Effects of Migration/Prejudice and Regulation of Immigration

Prejudice and Regulation of Immigration

In the United States and Australia, native-born residents resented immigrants from China who were willing to work for lower wages. In response to these resentments, governments institutionalized discrimination against the Chinese.

Regulation in the United States

Nativists were powerful enough in California that a revised constitution ratified in 1879 included several provisions that targeted people from China:

• It prohibited the state, counties, municipalities, and public works from hiring Chinese workers.

• It prevented individuals from China, and any others who were not considered white, from becoming citizens on the grounds that they were “dangerous to the well-being of the State.”

• It encouraged cities and towns either to remove Chinese residents from within their limits or to segregate them in certain areas.

With many thousands of Chinese living in the United States by 1882, Congress banned further Chinese immigration by passage of the Chinese Exclusion Act. Initially limited to a ten year period, the policy was extended periodically and made permanent in 1902. This act, which was finally repealed in 1943, showed the discrimination in the United States.

After the U.S. Congress excluded Chinese immigrants, some of them began to move to Mexico. Mexican President Porfirio Díaz promoted immigration as well as development, especially in the northern area bordering the United States. Rather than working as laborers in the mines or railroads, most worked as truck farmers, shopkeepers, or manufacturers.

White Australia

Before the Australian gold rushes of the 1850s and 1860s, most of the Chinese in Australia were indentured laborers, convicts, or traders. During the gold rushes, the Chinese population grew to around 50,000. In response to the influx of Chinese miners, the parliament of the province of Victoria passed a Chinese Immigration Act in 1855 that limited the number of Chinese who could come ashore from each ship. Many Chinese got around this law by landing instead in South Australia.

In December 1860, white miners in the goldfields of New South Wales attacked the area where Chinese miners were quartered, killing several and wounding many others. Several other attacks followed.
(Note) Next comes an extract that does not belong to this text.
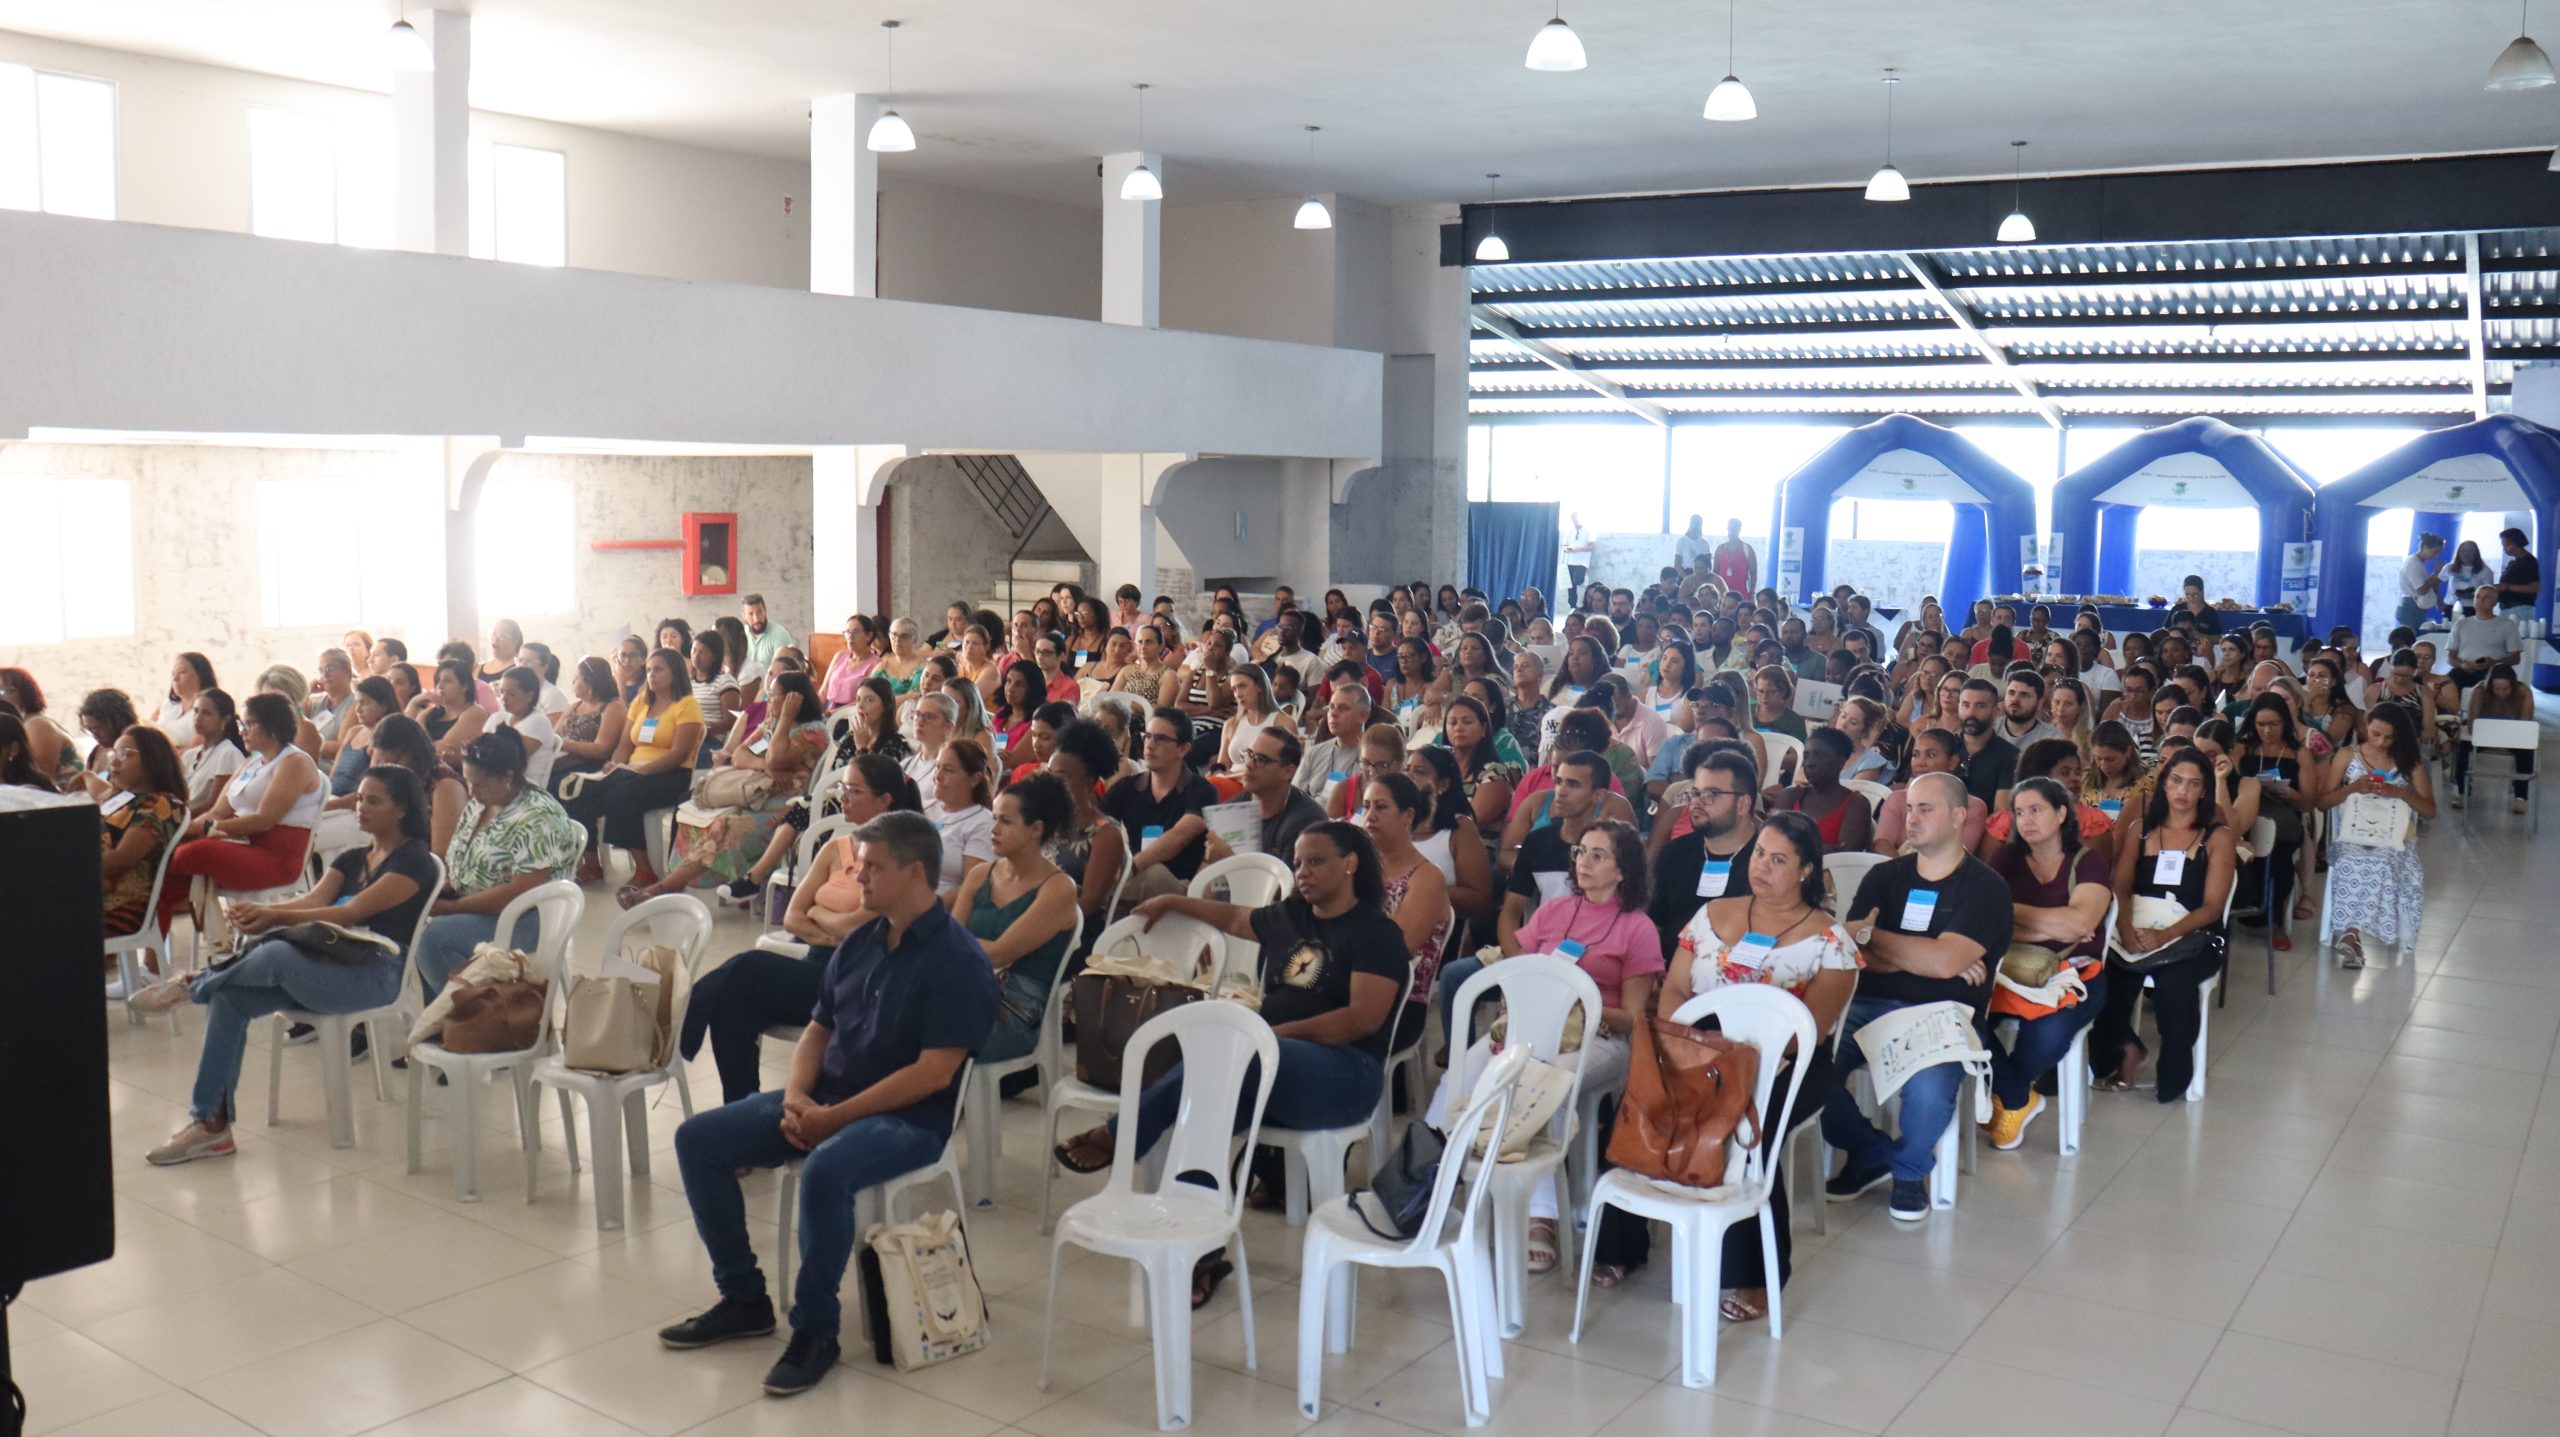 II Encontro da Atenção Primária em Saúde reúne mais de 250 profissionais da saúde em São Pedro da Aldeia

One of the worst occurred on June 30, 1861, when several thousand white miners attacked the Chinese and plundered their dwellings.

In response to this violence, the New South Wales Legislative Council passed the Chinese Immigration Regulation and Restriction Act in November of that year. The act, eventually repealed in 1867, was an attempt to restrict the number of Chinese immigrants from entering the colony. By the end of the gold rushes in 1881, New South Wales passed the Influx of Chinese Restriction Act, which attempted to restrict Chinese immigration by means of an entrance tax.

After the gold rushes, the Chinese in Australia turned to other sources of income, such as gardening, trade, furniture making, fishing, and pearl diving. While Chinatowns (Chinese enclaves) developed in cities across Australia, the Chinese made their biggest economic contributions in the Northern Territory and north Queensland regions. Eventually, however, anti-Chinese sentiment grew. Because the Chinese artisans and laborers would work for less than white Australians, resentment increased. Anti-Chinese leagues also began to develop.

Although the number of Chinese in Australia was declining, they were becoming more concentrated in Melbourne and Sydney and thus more visible. After six separate British self-governing colonies in Australia united under a single centralized government in 1901, the new parliament took action to limit non-British immigration. The new attorney general stated that the government’s policy was to preserve a “white Australia.” The White Australia Policy, as it was known, remained in effect until the mid-1970s.(Connect: Compare the experiences in Australia of Chinese and Japanese immigrants. See Topic 6.6.)